Create copy of ExternalTaintFlow called ExternalValueFlow

owen-mc · owen-mc · commit c81641279558 · 2024-05-10T23:40:55.000+01:00
diff --git a/go/ql/test/library-tests/semmle/go/dataflow/ExternalValueFlow/completetest.expected b/go/ql/test/library-tests/semmle/go/dataflow/ExternalValueFlow/completetest.expected
@@ -0,0 +1,2 @@
+invalidModelRow
+testFailures
diff --git a/go/ql/test/library-tests/semmle/go/dataflow/ExternalValueFlow/completetest.ext.yml b/go/ql/test/library-tests/semmle/go/dataflow/ExternalValueFlow/completetest.ext.yml
@@ -0,0 +1,40 @@
+extensions:
+  - addsTo:
+      pack: codeql/go-all
+      extensible: summaryModel
+    data:
+      - ["github.com/nonexistent/test", "T", False, "StepArgRes", "", "", "Argument[0]", "ReturnValue", "taint", "manual"]
+      - ["github.com/nonexistent/test", "T", False, "StepArgRes1", "", "", "Argument[0]", "ReturnValue[1]", "taint", "manual"]
+      - ["github.com/nonexistent/test", "T", False, "StepArgArg", "", "", "Argument[0]", "Argument[1]", "taint", "manual"]

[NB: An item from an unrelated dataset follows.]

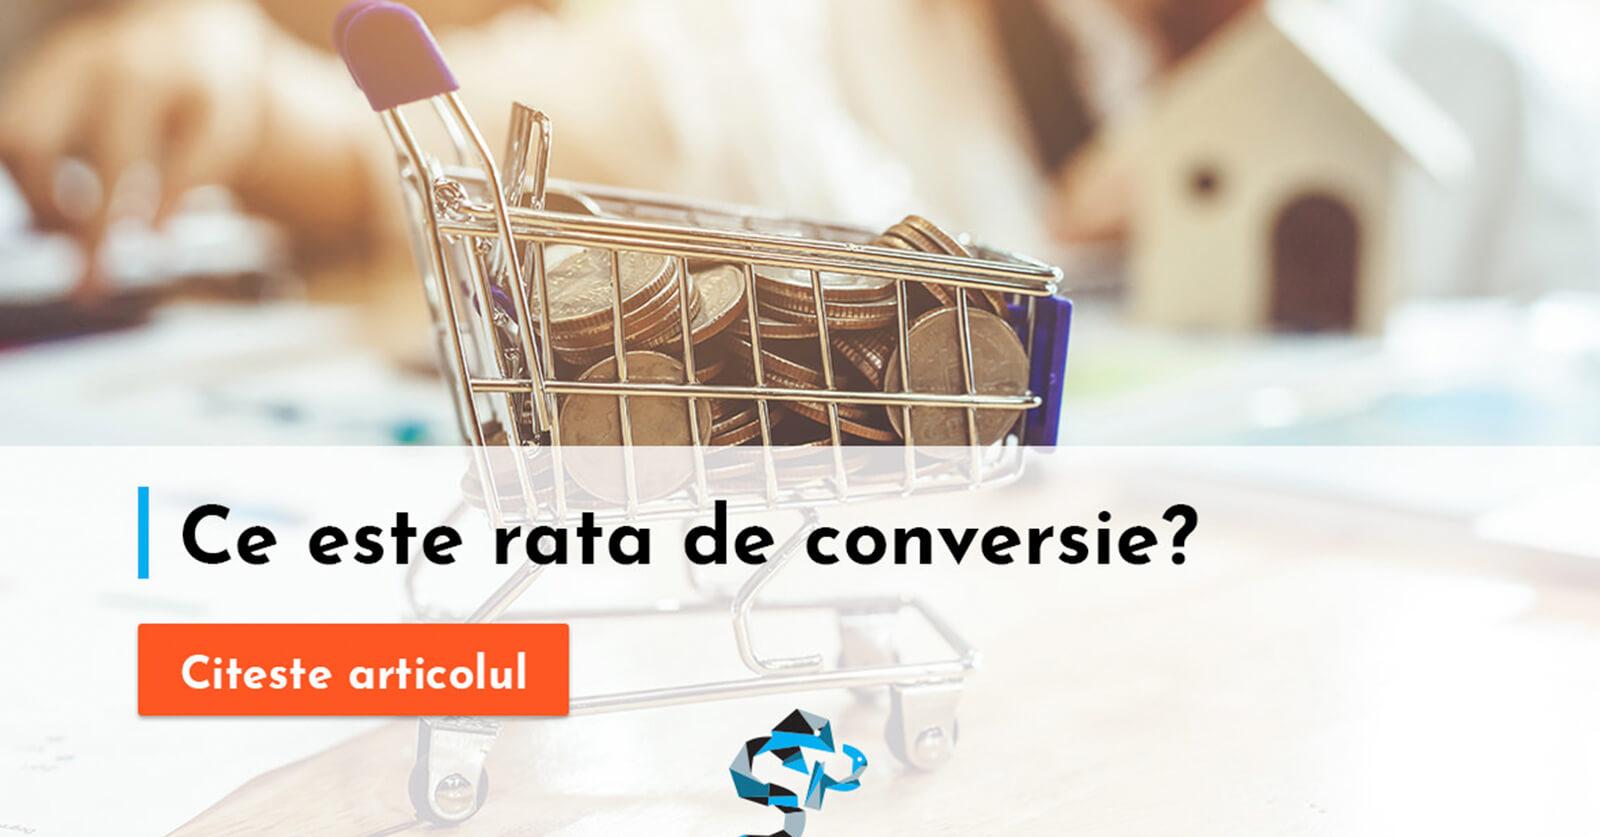 Ce este rata de conversie?

+      - ["github.com/nonexistent/test", "T", False, "StepArgQual", "", "", "Argument[0]", "Argument[-1]", "taint", "manual"]

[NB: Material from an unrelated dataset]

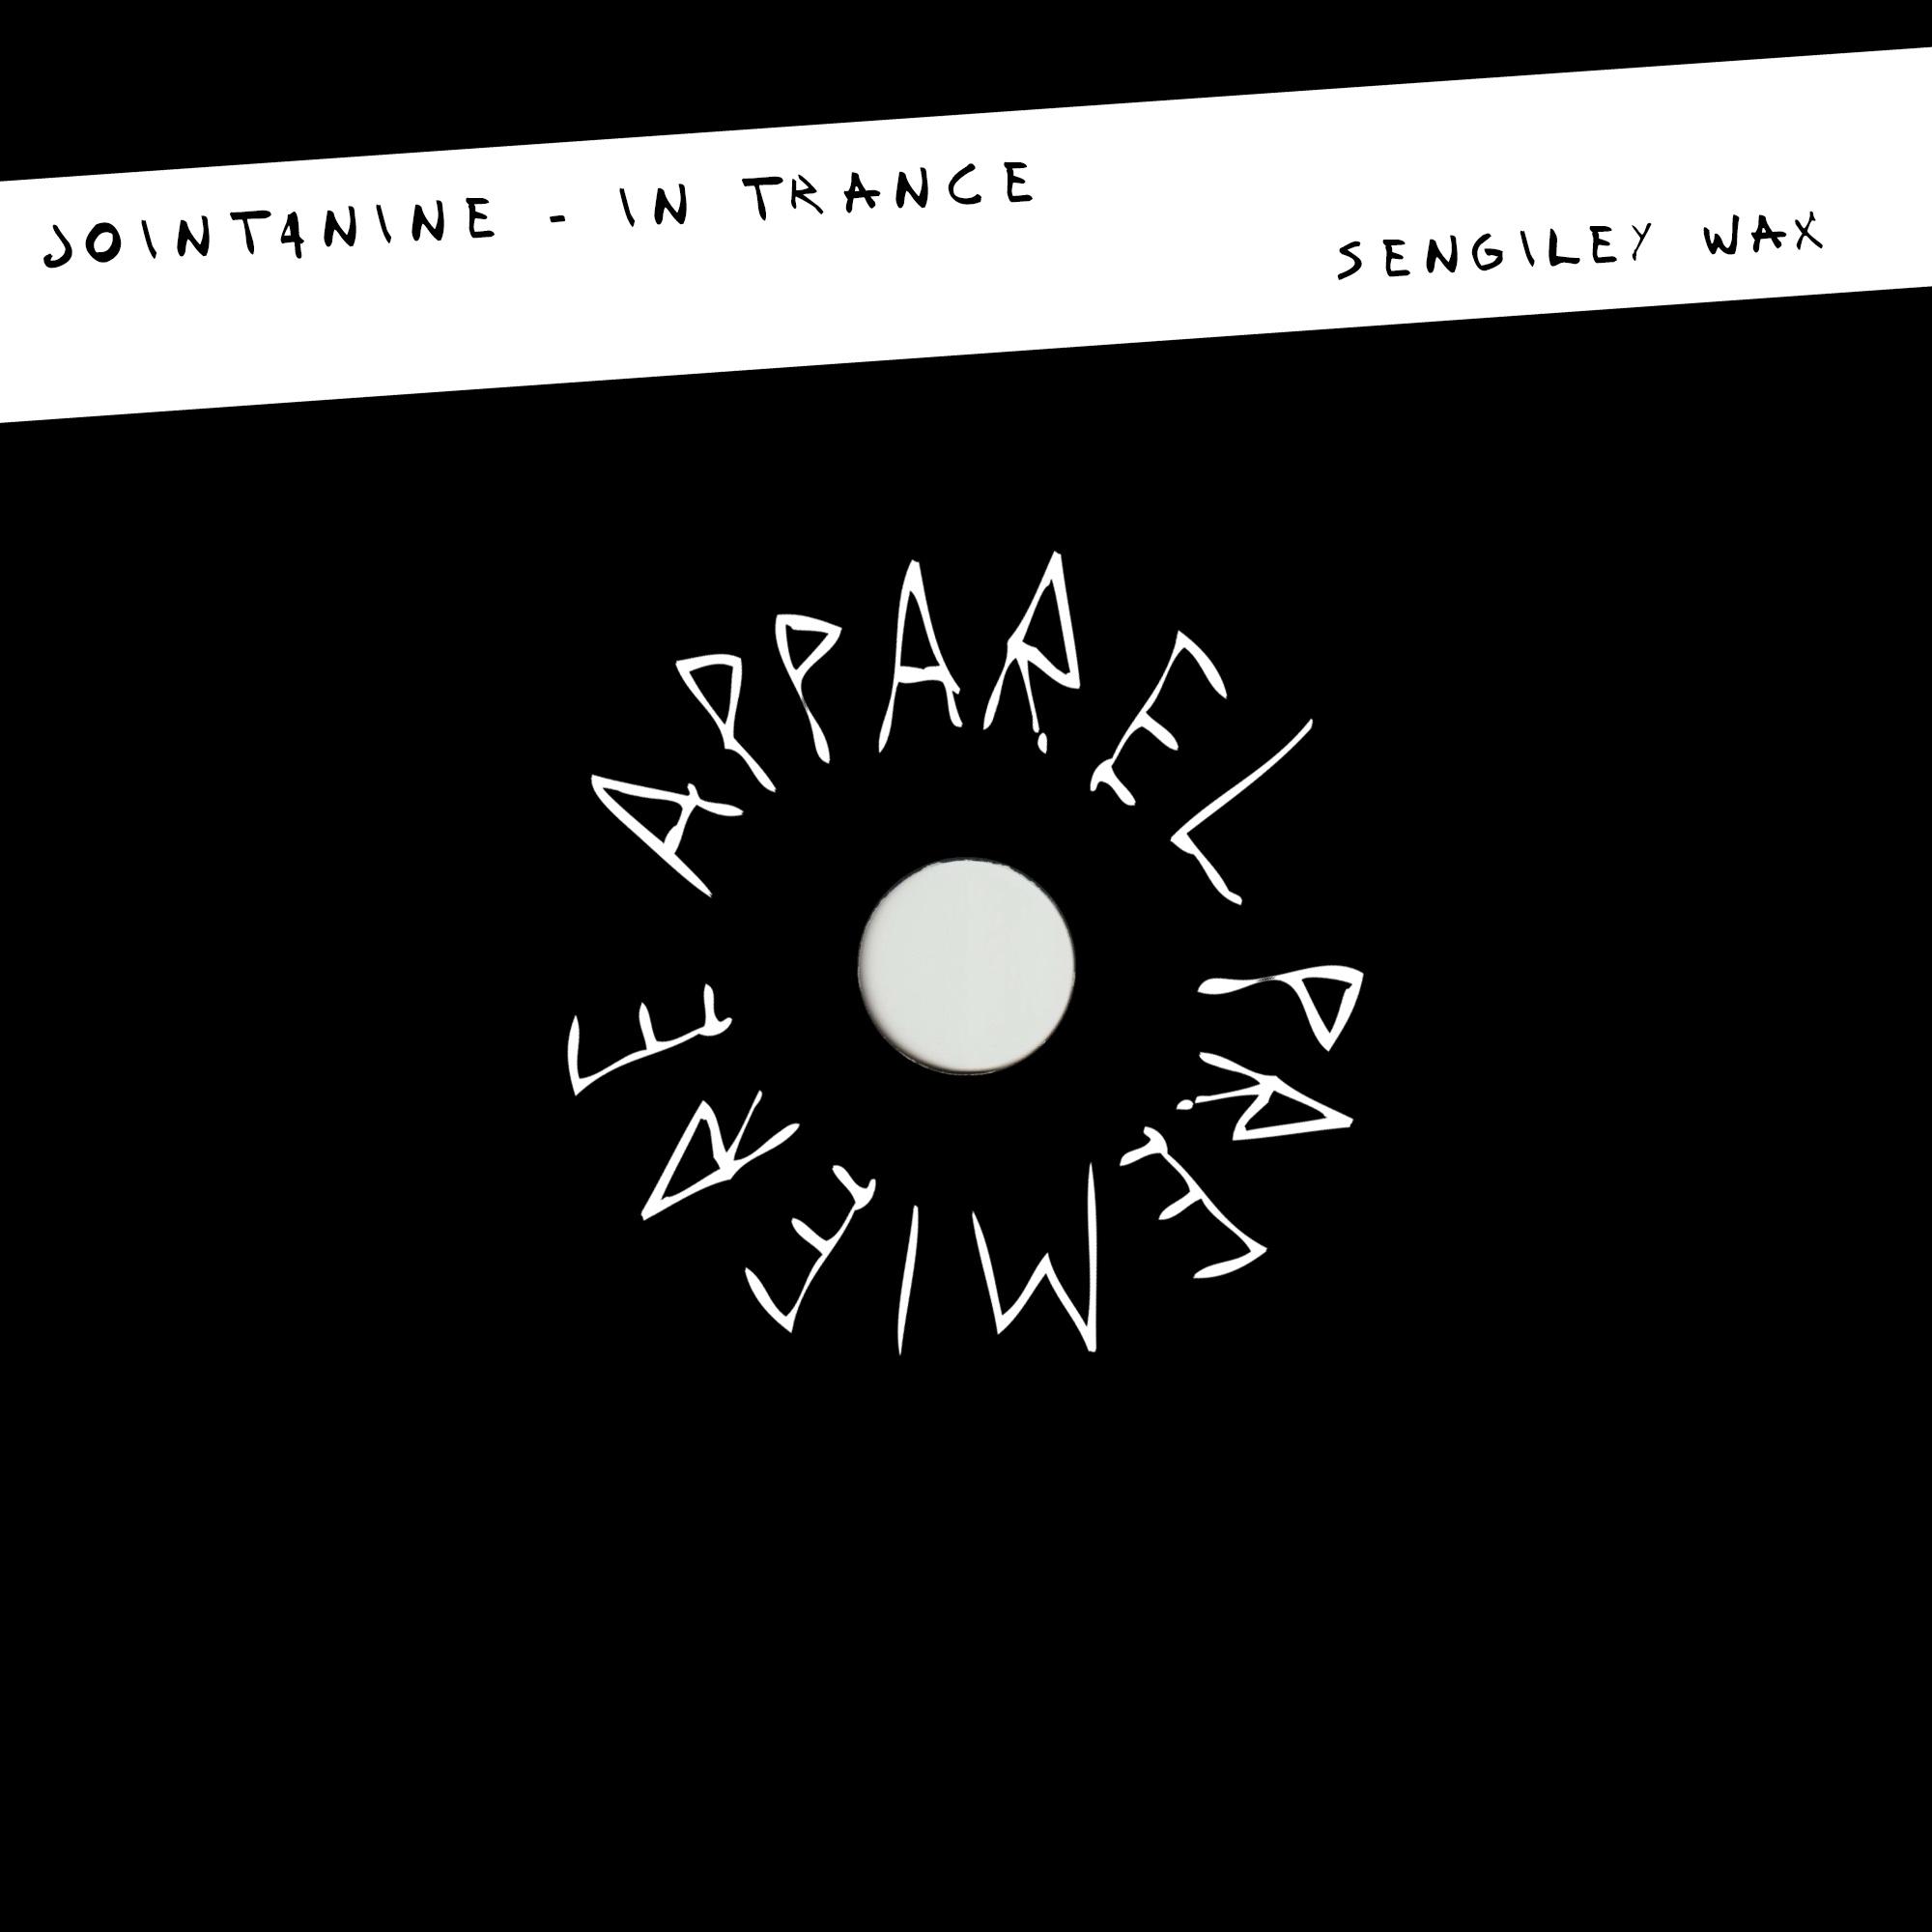 APPAREL PREMIERE: Joint4Nine – In Trance [Sengiley Wax]

+      - ["github.com/nonexistent/test", "T", False, "StepQualRes", "", "", "Argument[-1]", "ReturnValue", "taint", "manual"]
+      - ["github.com/nonexistent/test", "T", False, "StepQualArg", "", "", "Argument[-1]", "Argument[0]", "taint", "manual"]
+      - ["github.com/nonexistent/test", "", False, "StepArgResNoQual", "", "", "Argument[0]", "ReturnValue", "taint", "manual"]
+      - ["github.com/nonexistent/test", "", False, "StepArgResArrayContent", "", "", "Argument[0]", "ReturnValue.ArrayElement", "taint", "manual"]
+      - ["github.com/nonexistent/test", "", False, "StepArgArrayContentRes", "", "", "Argument[0].ArrayElement", "ReturnValue", "taint", "manual"]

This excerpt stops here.